# Ronald McDonald Shark Tournament



## TomCat (Jan 6, 2006)

Any of you guys plan on fishing the Ronald McDonald Shark Tournament June 09 and 10. We didn't catch squat last year but it was a hoot anyway.


----------



## mullethead00 (May 31, 2010)

Can you post the link with date/time info? I didn't make it last year but will try this year. Still at SLP?


----------



## TomCat (Jan 6, 2006)

mullethead00 said:


> Can you post the link with date/time info? I didn't make it last year but will try this year. Still at SLP?


Here's some basic info.

http://www.gotshark.com

Also look on Texas Surf Fishing.com or Surfmasters.com for more info.
Several places to sign up this year. Ron will be on the Galveston Side of SLP, Krash on the Freeport side of SLP, Allen aka BullMaster will be at High Island signing people up and Jimmy's on 91st Street Pier. Good luck.
.


----------



## railcar (Apr 15, 2011)

I'm in


----------



## setxdargel (Jun 8, 2011)

I will be there fishing with Bullmaster.

Sent from my C771 using Tapatalk 2


----------



## BigCox45 (May 27, 2012)

Counting down the days can't wait!!


----------



## TomCat (Jan 6, 2006)

My son and I made a bait run on Sunday. We picked up 2 nice size Cow Nose Rays in the surf. We're probably going back on Wednesday afternoon and look for more. The Rays are running in ankle to shin deep water in the surf. Cast net or gig'em.


----------



## TomCat (Jan 6, 2006)

I think Tommy is ready to go fishing. He put new line on one of the 9/0 's last night and he's been cleaning and oiling everything that doesn't run from him. We'll be there on Friday afternoon to set up camp and start fishing on Saturday morning. Good luck to all and be safe.


----------



## Manchacan (May 20, 2012)

Thanks for the link. I hope to participate this year.


----------



## Manchacan (May 20, 2012)

If I'm staying at Jamaica Beach, where's the closest location to register for this?


----------



## TomCat (Jan 6, 2006)

Galveston Fishing Pier or Galveston side of SLP. It's about equal distance to either one from Jamica Beach. http://www.gotshark.com


----------



## SHARKTEETH (Aug 7, 2005)

How did the tournament go? Any new's?


----------



## BCSurf (Jul 13, 2011)

Heard there was an 8'+ lemon caught by someone fishing the tourney near the pass yesterday. I would imagine thats going to take first


----------



## railcar (Apr 15, 2011)

There was a 8'3 lemon a 8' tiger and a 7'something bull and lots of smaller blacktips


----------



## Stros121 (Jun 15, 2011)

^^^^wow ^^^^ cant waite to here the reports


----------



## mullethead00 (May 31, 2010)

Stros121 said:


> ^^^^wow ^^^^ cant waite to here the reports


x2


----------



## ElGallo (Aug 5, 2006)

We fished west of Rollover pass. Rainy and stormy Friday night, Saturday morning was very smoky from the grass fire, but there was very little weed, and the waves were small, making for pleasant paddling. Yakked out a stingray, half a jack, a bluefish and some mullet. Also cast some smaller baits for redfish, but the pups were tearing all those up. So yakked some smaller baits out 200 - 250 yards to try to get beyond the pups. Never got a single redfish, which seemed odd for the area.

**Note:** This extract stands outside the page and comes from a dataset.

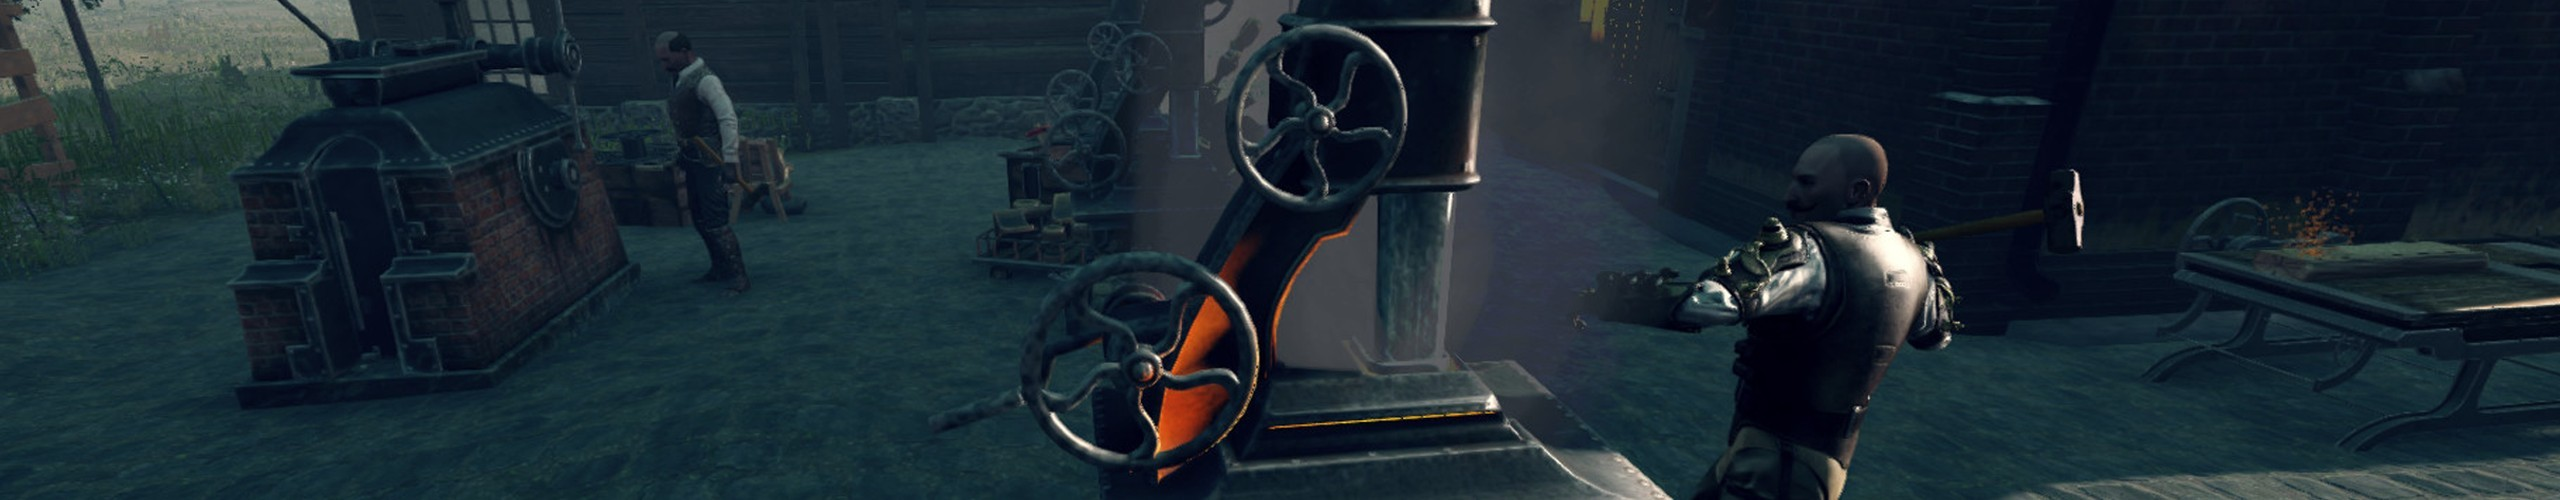 Steam Hammer (B2P)

About 11:30 AM Saturday, got a good run on a Penn 4/0 with half a mullet, turned out to be a 55 3/4 inch male blacktip, a nice fight and one decent shark on the sand.

About 3:45 PM got a good run on a 50W with the bluefish. After a good fight, ended up with a 69 inch female bull shark, second and final nice shark on the sand. Didn’t get us in the money, but, had a very good time.

The current turned late Saturday/early Sunday and brought in way too much weed to think about keeping any more lines out, so we headed in.

Congrats to the winners, it was awesome.

Especially nice to see the kid’s divisions, and they caught some really awesome fish as well.


----------



## railcar (Apr 15, 2011)

ELGallo we fished just down from you ended up with only 1 54" bt and my wife cought 1 22 3/4 red that got second . cant beleive it but im not complaining


----------



## jagarcia10 (Mar 10, 2011)

Cool. Are they going to post up the results somewhere?


----------



## beenfishingyet (Aug 16, 2010)

Im fishing near the SLP this weekend. I have 5 stingrays and some mullet, ladyfish and am looking for bigger baits. Anyone know who has whole jacks?


----------



## beenfishingyet (Aug 16, 2010)

please PM me.....


----------